One disadvantage to pipelines is that the rate that new work can go through the pipeline is limited by the time that it takes for the work of the slowest stage in the pipeline to complete. As an example, consider the case where task B takes two seconds. The second thread can accept work only every other second, so regardless of how much faster tasks A and C are to complete, task B limits the throughput of the pipeline to one task every two seconds. Of course, it might be possible to rectify this bottleneck by having two threads performing task B. Here the combination would complete one task every second, which would match the throughput of tasks A and C. It is also worth considering that the best throughput occurs when all the stages in the pipeline take the same amount of time. Otherwise, some stages will be idle waiting for more work.

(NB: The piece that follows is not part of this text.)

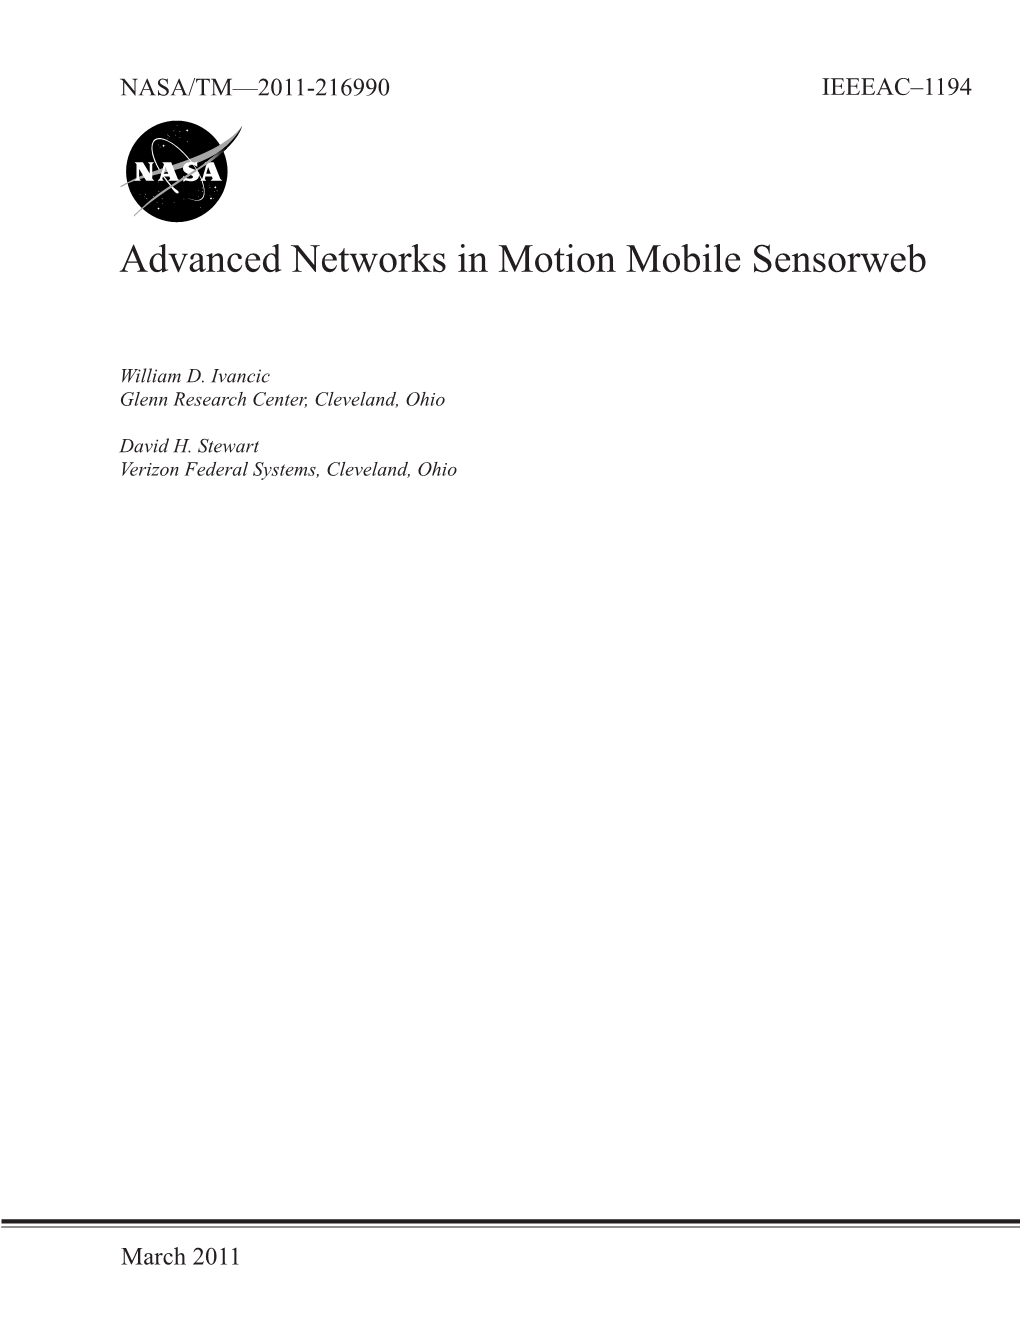 Advanced Networks in Motion Mobile Sensorweb
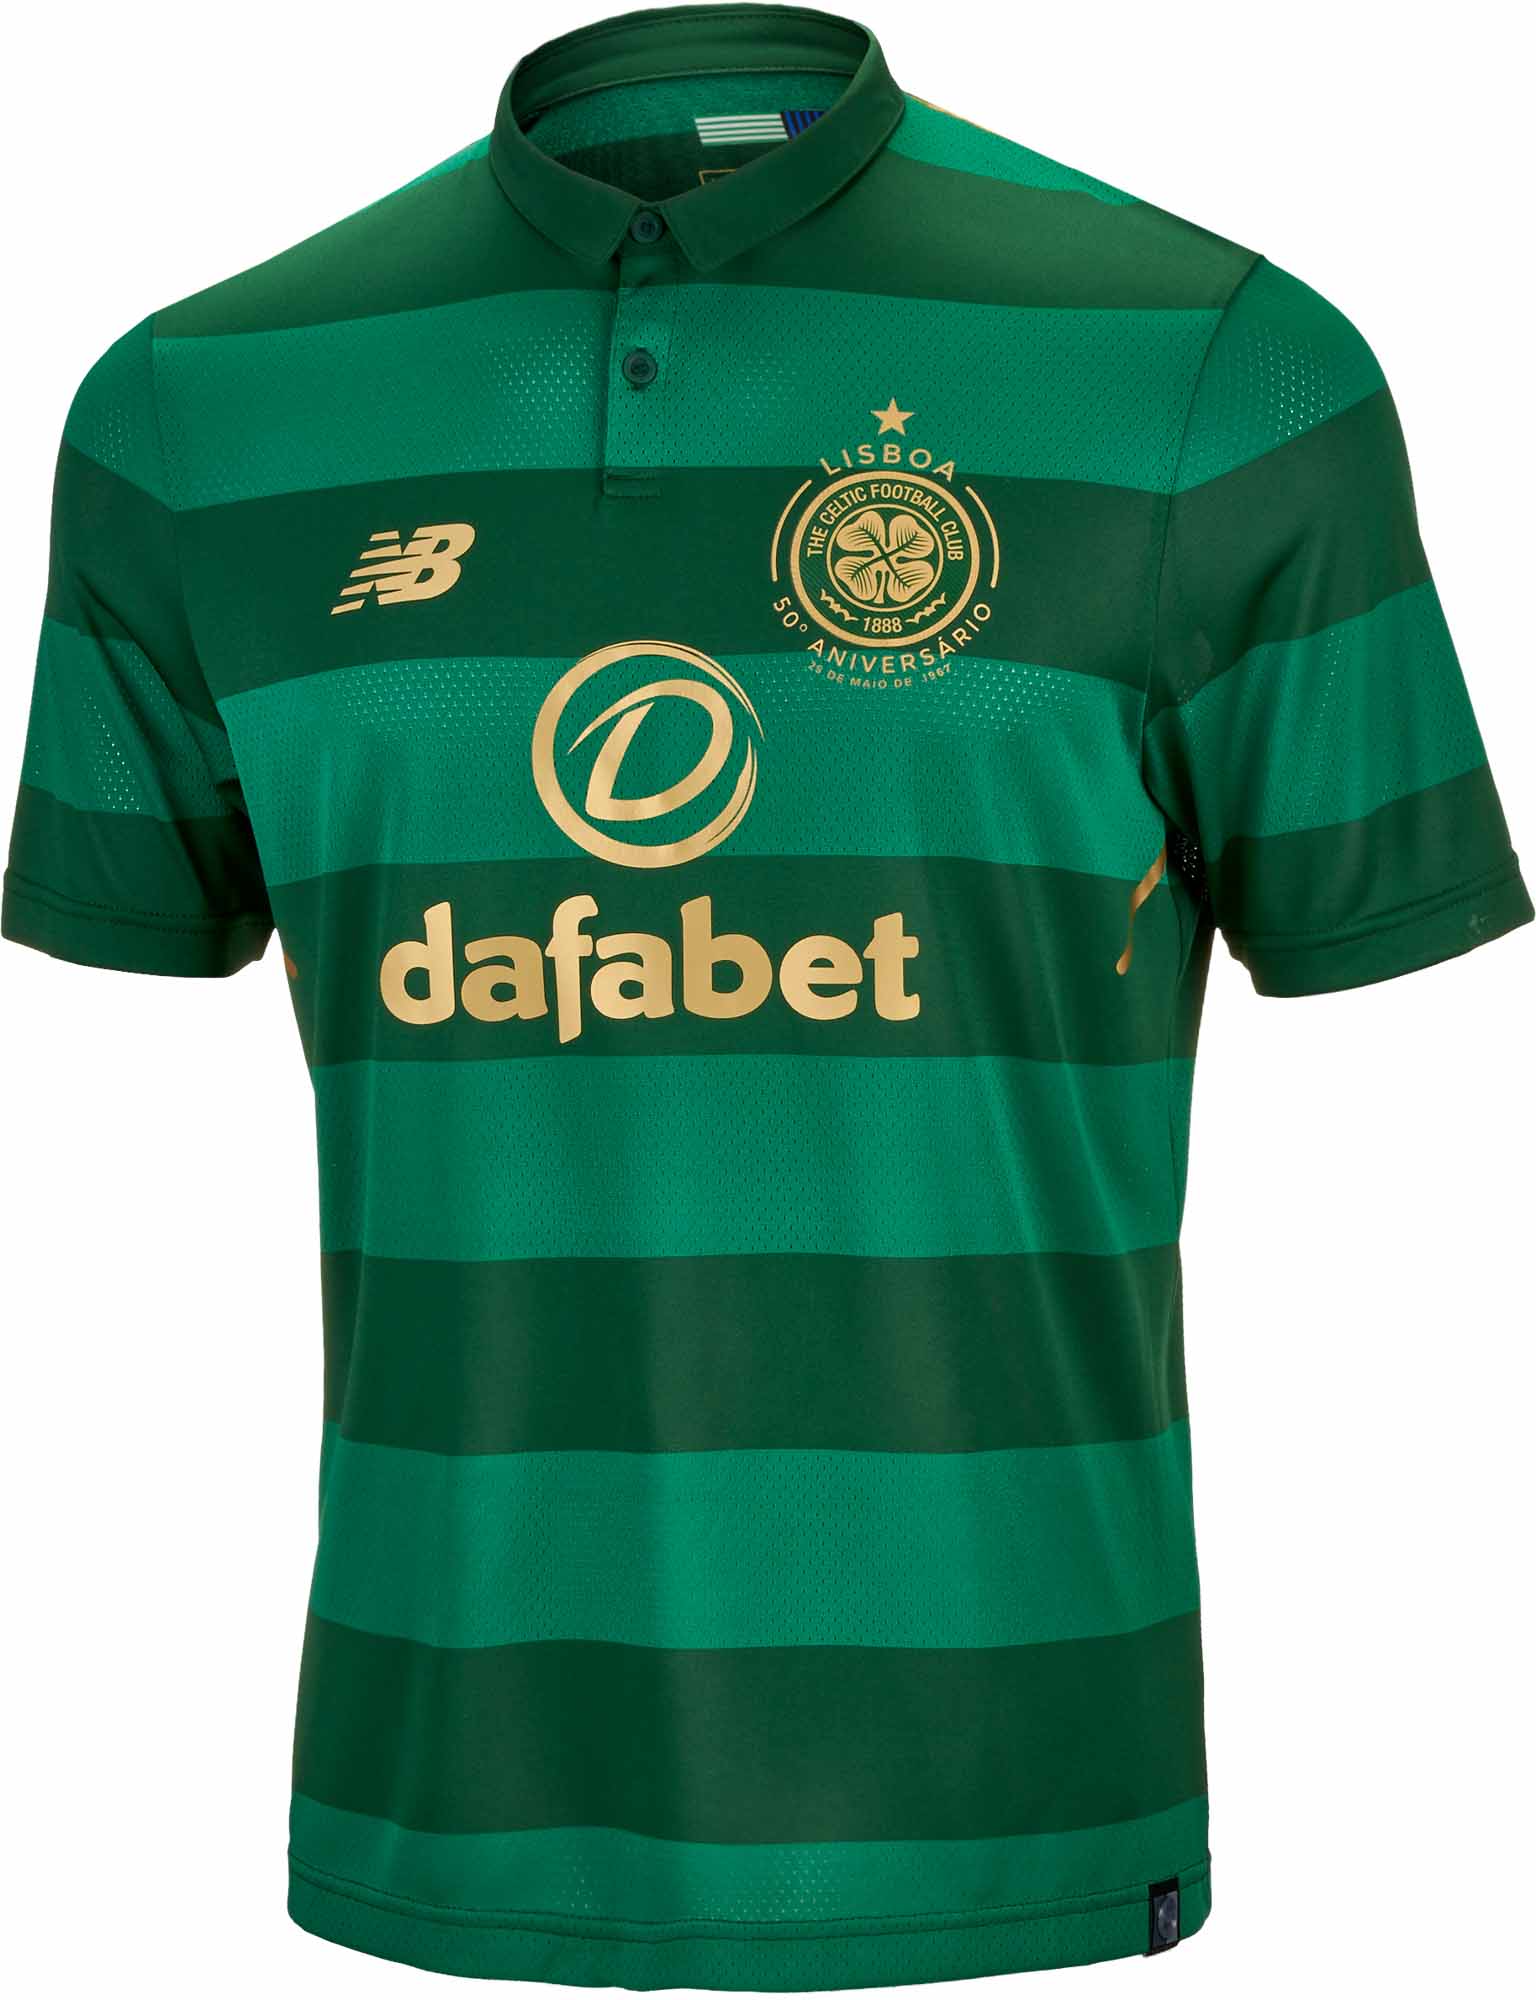 New Balance Men's Celtic Football Away Elite Jersey, Away, S : Buy

Division of Work into a Client and a Server

With a client-server configuration, one thread (the client) communicates requests to another thread (the server), and the other thread responds. The split into client and server might provide a performance improvement, because while the server is performing some calculation, the client can be responding to the user; the client might be the visible UI to the application, and the server might be the compute engine that is performing the task in the background. There are plenty of examples of this approach, such as having one thread to manage the redraw of the screen while other threads handle the activities of the application. Another example is when the client is a thread running on one system while the server is a thread running on a remote system; web browsers and web servers are obvious, everyday examples.

A big advantage of this approach is the sharing of resources between multiple clients. For example, a machine might have a single Ethernet port but have multiple applications that need to communicate through that port. The client threads would send requests to a server thread. The server thread would have exclusive access to the Ethernet device and would be responsible for sending out the packets from the clients and directing incoming packets to the appropriate client in an orderly fashion.

This client-server relationship can be represented as multiple clients: A, communicating with a server, B, as shown in Figure 3.20. Server B might also control access to a set of resources, which are not explicitly included in the diagram.

Figure 3.20

Figure 3.20 Client-server division of work

Implicit in the client-server pattern is the notion that there will be multiple clients seeking the attention of a single server. The single server could, of course, be implemented using multiple threads.

The client-server pattern does not improve responsiveness but represents a way of sharing the work between multiple threads, especially where the server thread actually does some work. Alternatively, it represents a way of sharing a common resource between multiple clients (in which case any gains in throughput are a fortunate by-product rather than a design goal).

Splitting Responsibility into a Producer and a Consumer

A producer-consumer model is similar to both the pipeline model and the client-server. Here, the producer is generating units of work, and the consumer is taking those units of work and performing some kind of process on them.

For example, the movie-rendering problem described earlier might have a set of producers generating rendered frames of a movie. The consumer might be the task that has the work of ordering these frames correctly and then saving them to disk.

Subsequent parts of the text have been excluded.